Feodor Ivanovich Vilesov (Фёдор Иванович Вилесов; 13 November 1925 – 8 February 1978) was a Soviet experimental physicist whose main contributions are in the field of chemical physics.

== Education and early life ==
Vilesov was born in Belyukovo village near Kudymkar, in Komi-Permyak Okrug (autonomous national district), Perm region, Russian SFSR, Soviet Union, on November 13, 1925, to a couple of: Ivan Ilvich Vilesov and Vassa Vasilievna Vilesova. During 1943 -1950 he served in the Soviet Army. In 1950 he entered the Department of Physics, Leningrad State University, from which he graduated with an honorable diploma (master's degree) in 1955. He continued with his Ph.
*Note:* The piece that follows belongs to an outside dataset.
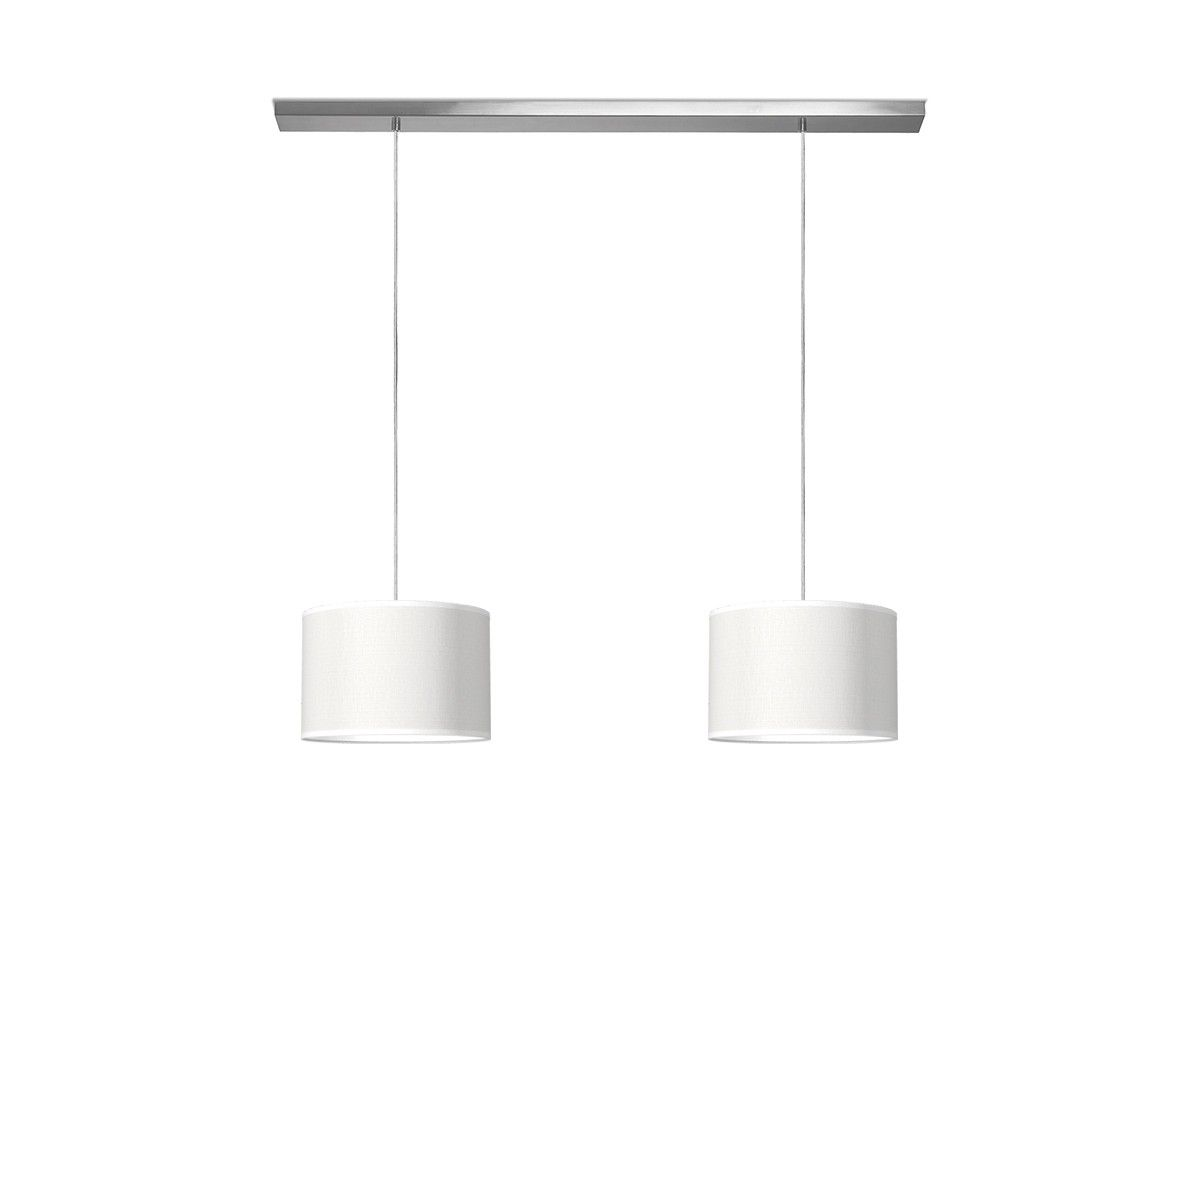 hanglamp beam 2 bling Ø 30 cm Mat staal | Besselink licht ...

D. studies at the Institute of Physics, Leningrad State University, in the department of photonics led by Professor A. N. Terenin and in 1959 he defended his thesis “The Study of Photoionization of vapors of organic molecules and interrogation of the influence of adsorbed layers on photoelectric Emission from Semiconductor Catalysts”. He obtained his Doctor of Physical and Mathematical Sciences (a "higher doctorate") degree in 1966 for a thesis on the development of photoelectron spectroscopy in the gas phase and molecular solids entitled: “Photoionization of Organic Molecules”

== Career ==
From 1955 to 1978, he worked at the Institute for Physics of the Leningrad State University. Since 1964, he was the head of the department of photonics (photochemistry). In 1967 he becomes a professor in physics at Leningrad State University. In 1977-1978 he served as the dean of sciences of the Leningrad State University.

In a series of works in 1960–1962, Vilesov and his colleagues performed the first experiments on ultraviolet photoelectron spectroscopy (UPS) of molecular solids and gases. Since then ultraviolet photoelectron spectroscopy has been widely applied to study valence energy levels and chemical bonding, especially the bonding character of molecular orbitals.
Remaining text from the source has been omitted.